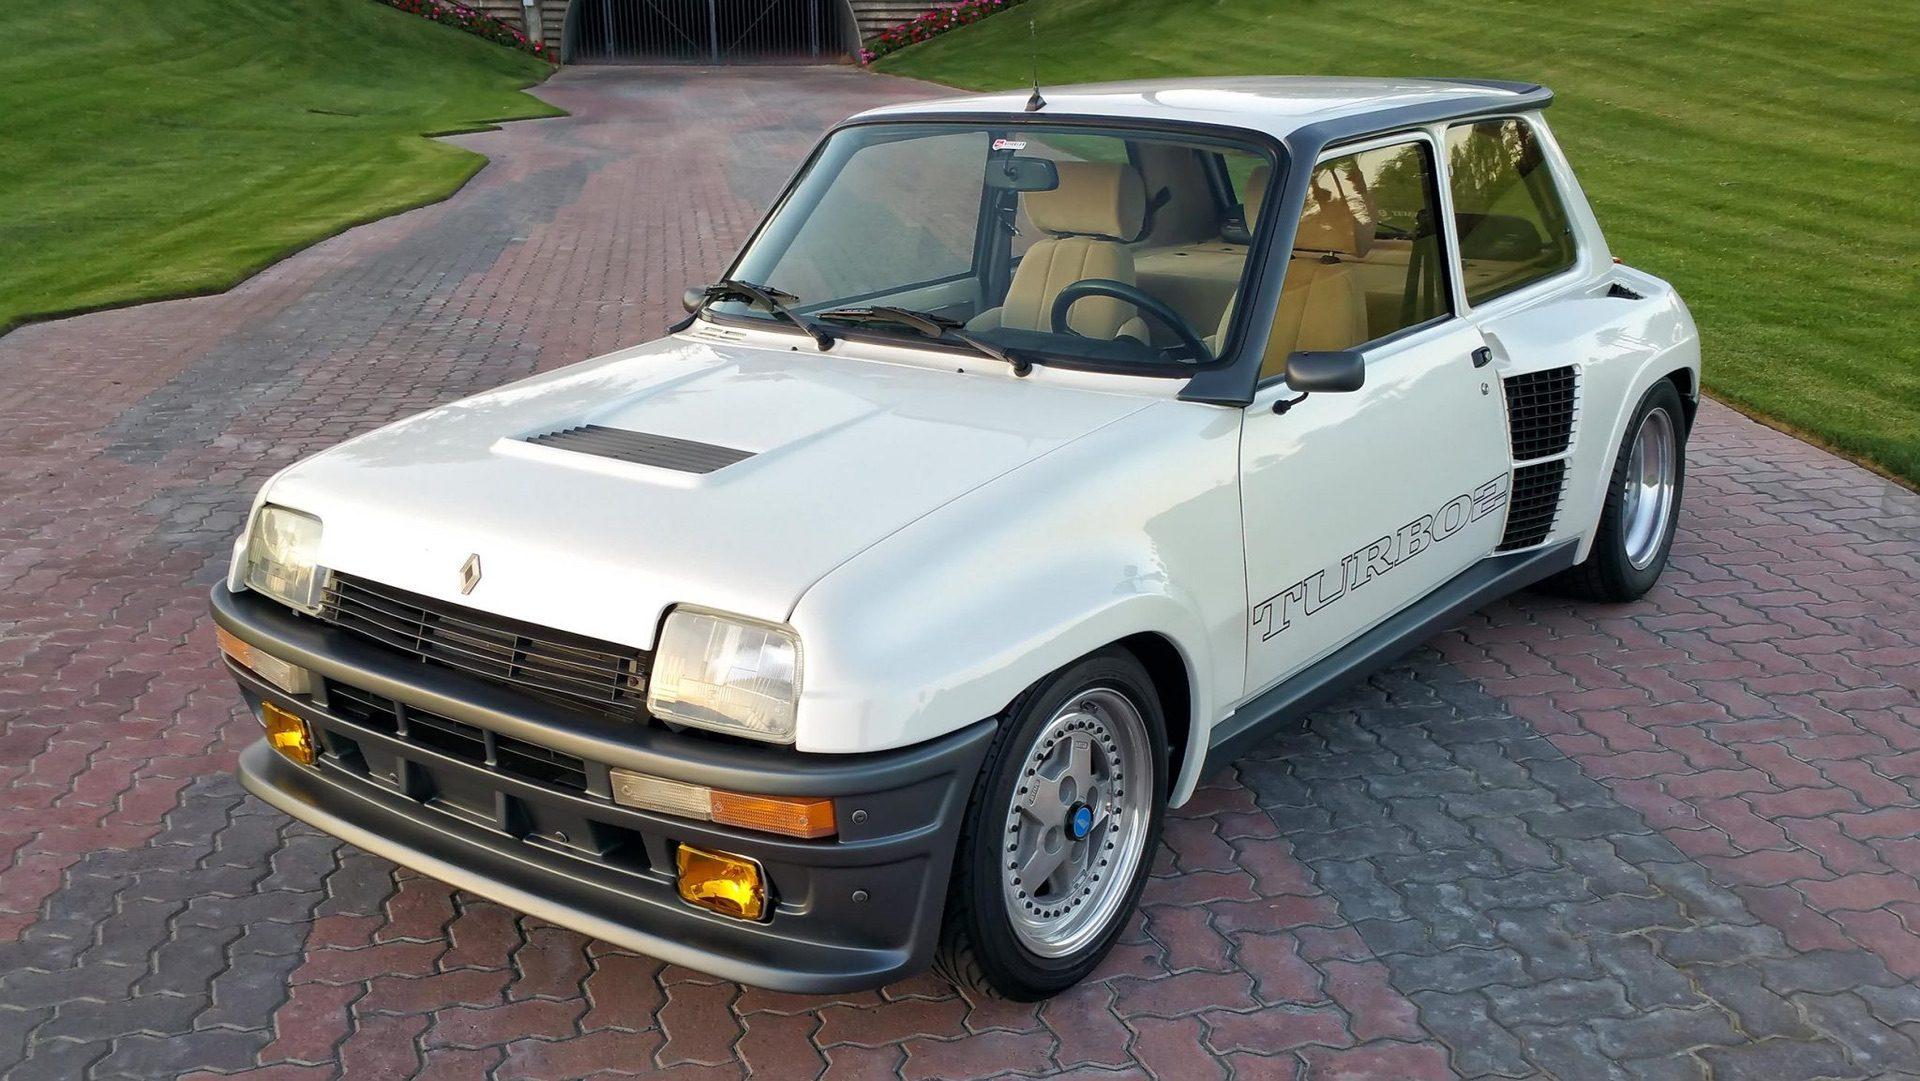 1985_Renault_R5_Turbo_2_rotary-0021
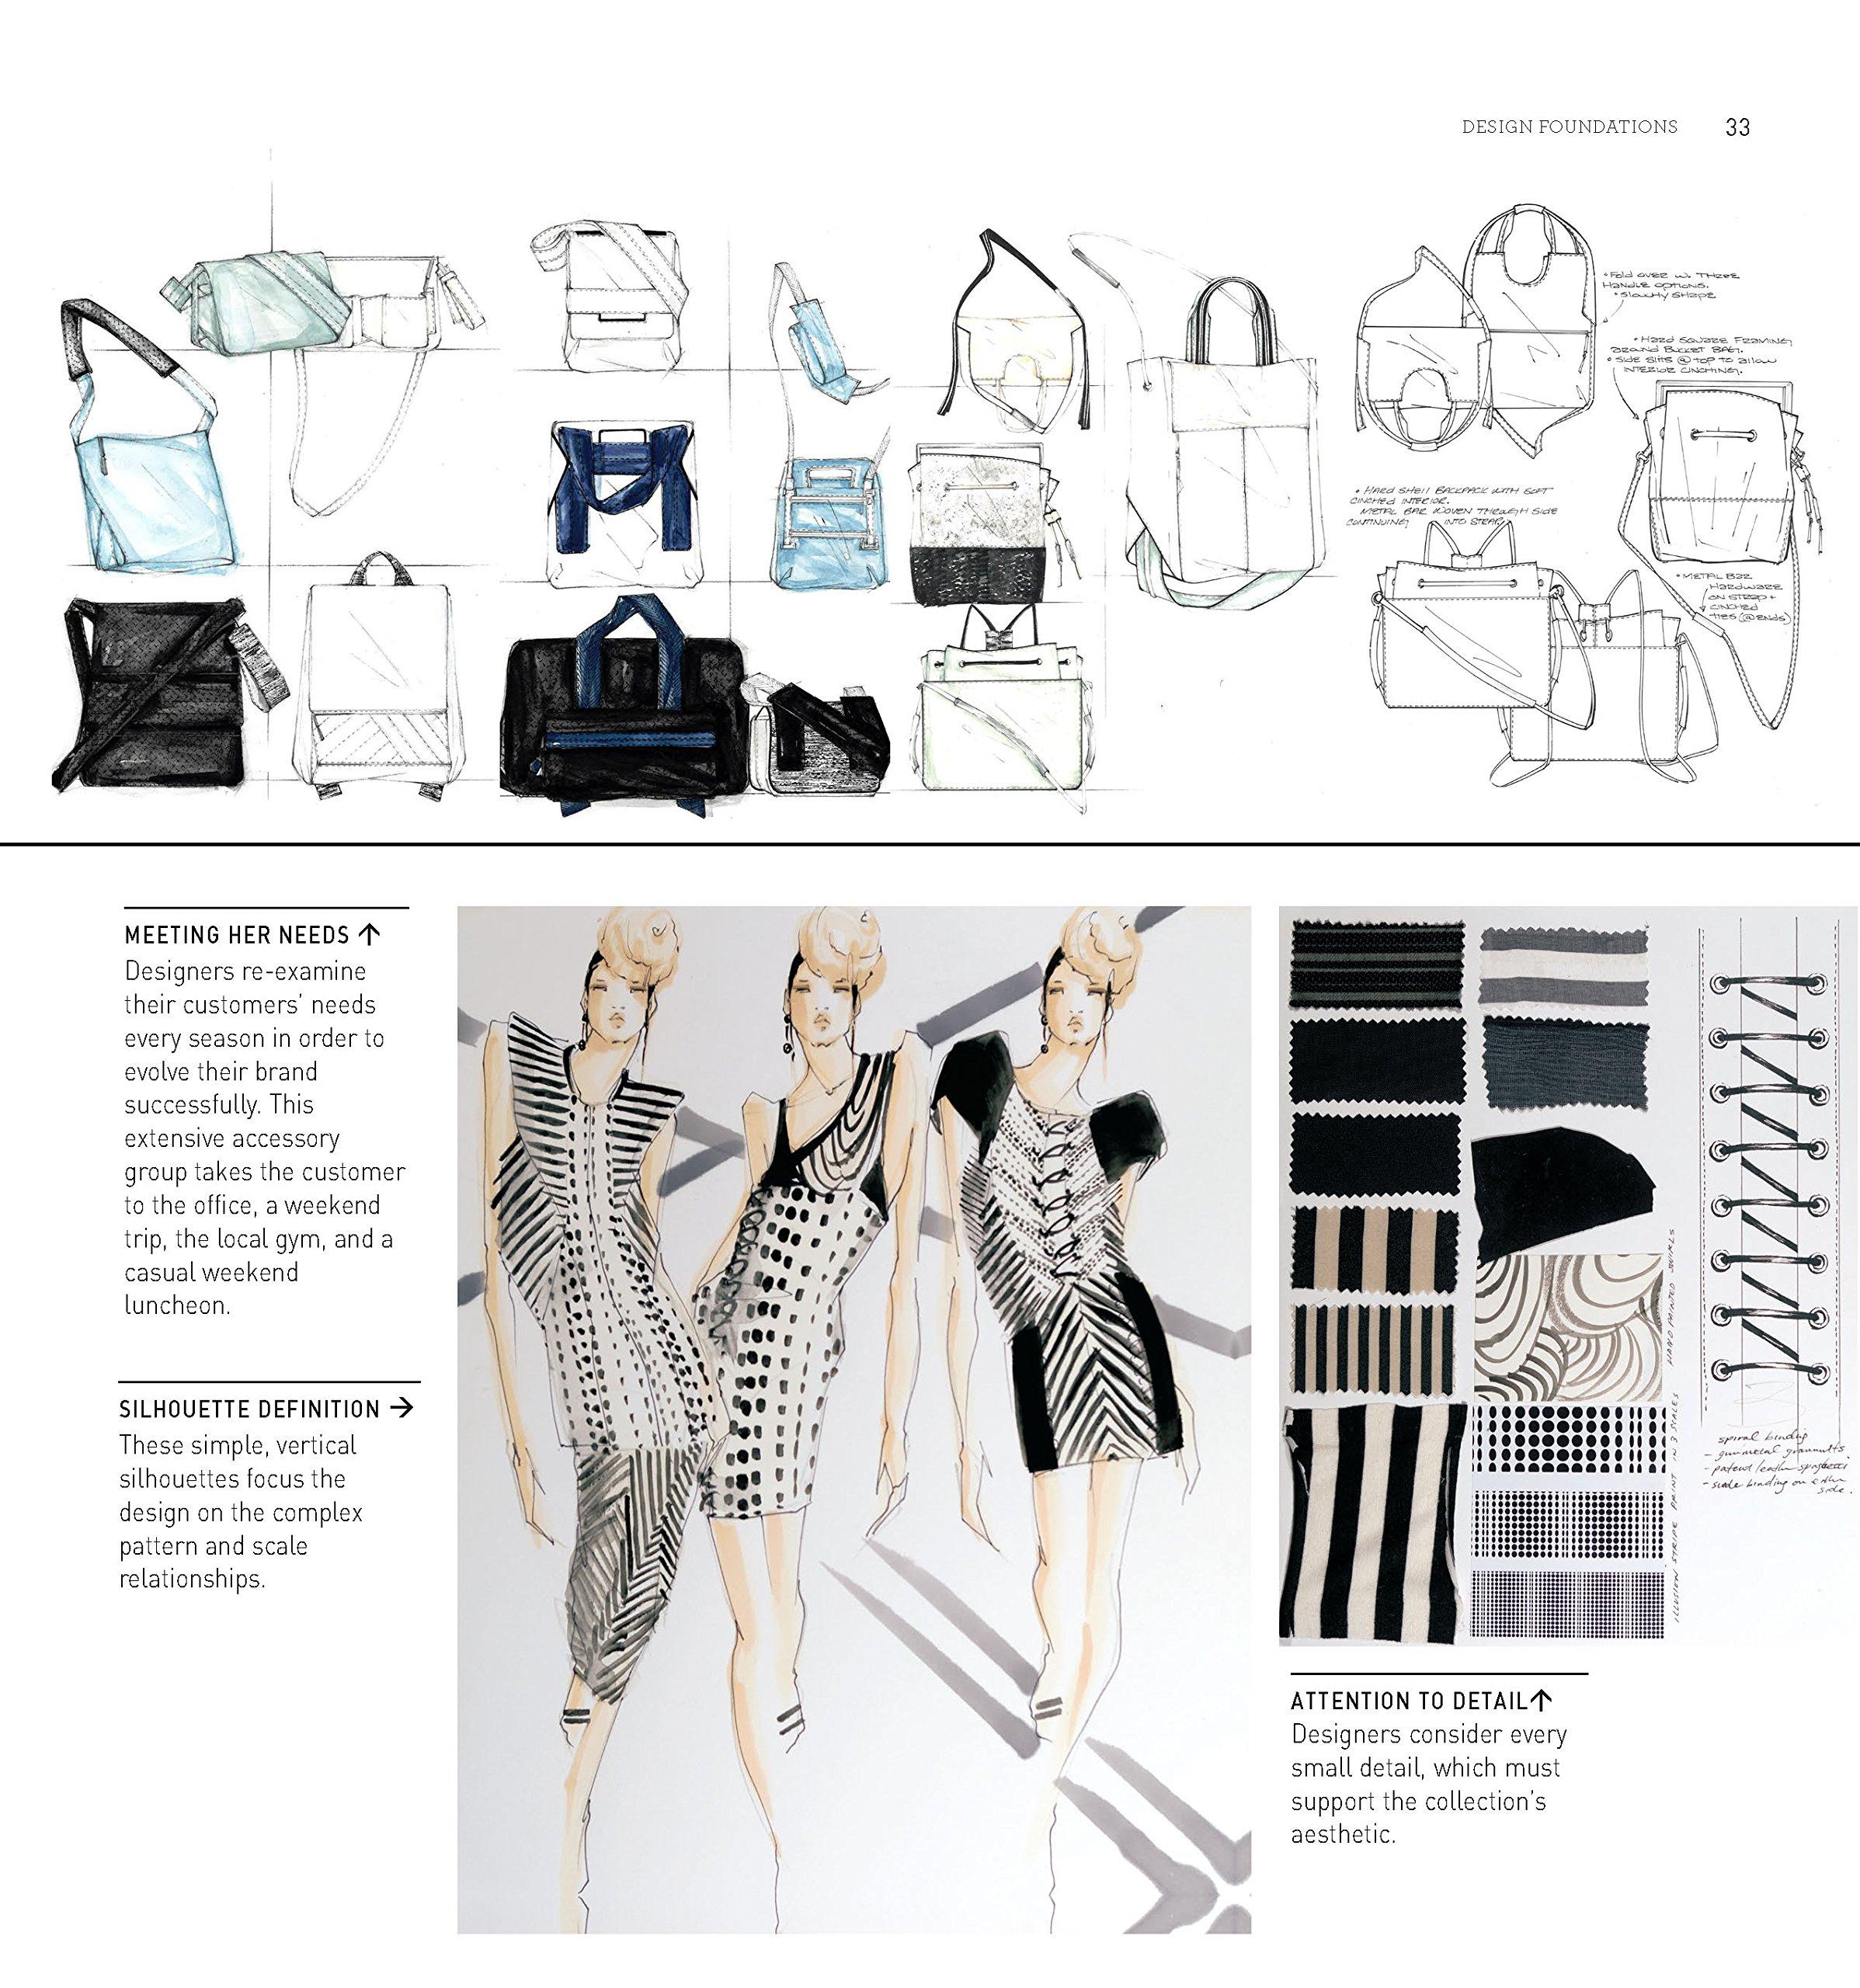 Fashion Design Course Principles Practice And Techniques The Practical Guide For Aspiring Fashion Designers Faerm Steven 9781438011073 Books Amazon Ca
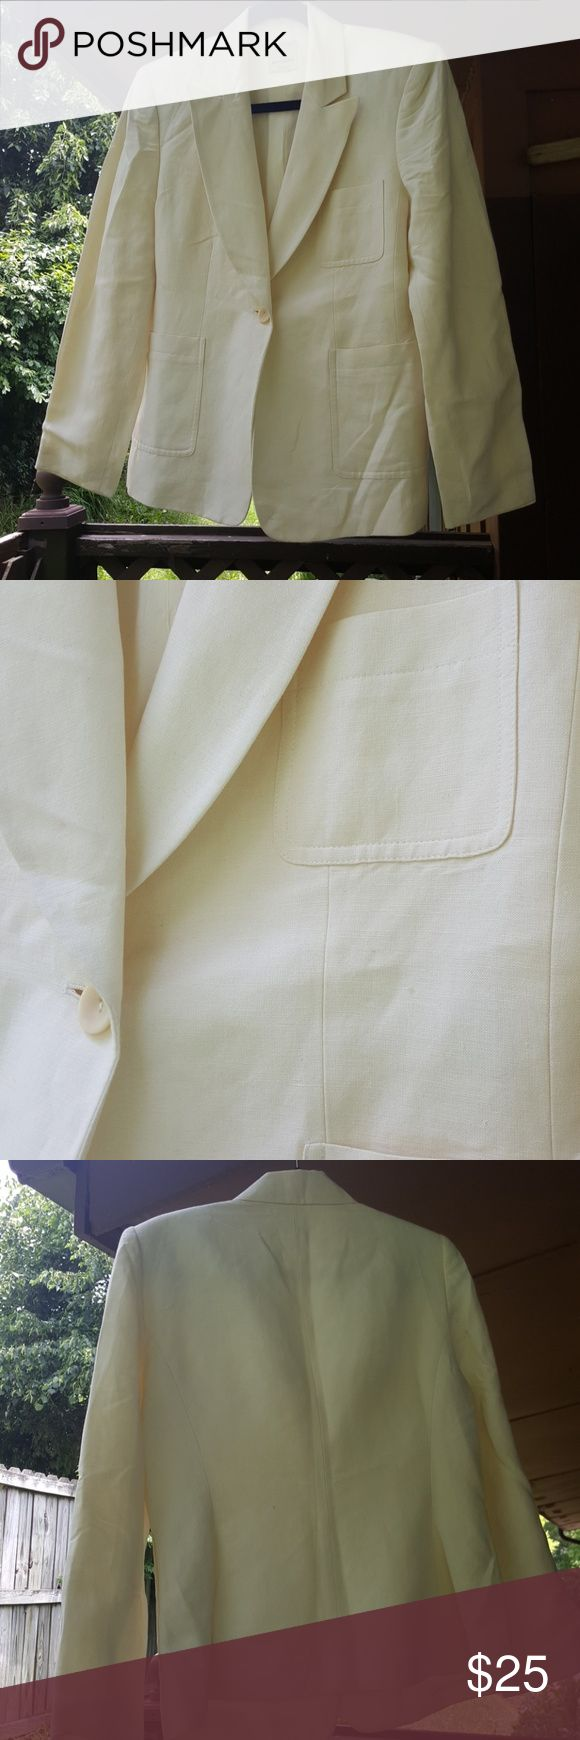 Anne Klein 2 petite blazer/jacket. 55 % Linen 45% rayon blazer/jacket. Off white color.   Size 10 P. Anne Kline  Jackets & Coats Blazers

● What this task involves: Skipping any images, write out all the data exactly.

● Task solution:
 1985_Renault_R5_Turbo_2_rotary-0021
 Fashion Design Course Principles Practice And Techniques The Practical Guide For Aspiring Fashion Designers Faerm Steven 9781438011073 Books Amazon Ca
 Anne Klein 2 petite blazer/jacket. 55 % Linen 45% rayon blazer/jacket. Off white color.   Size 10 P. Anne Kline  Jackets & Coats Blazers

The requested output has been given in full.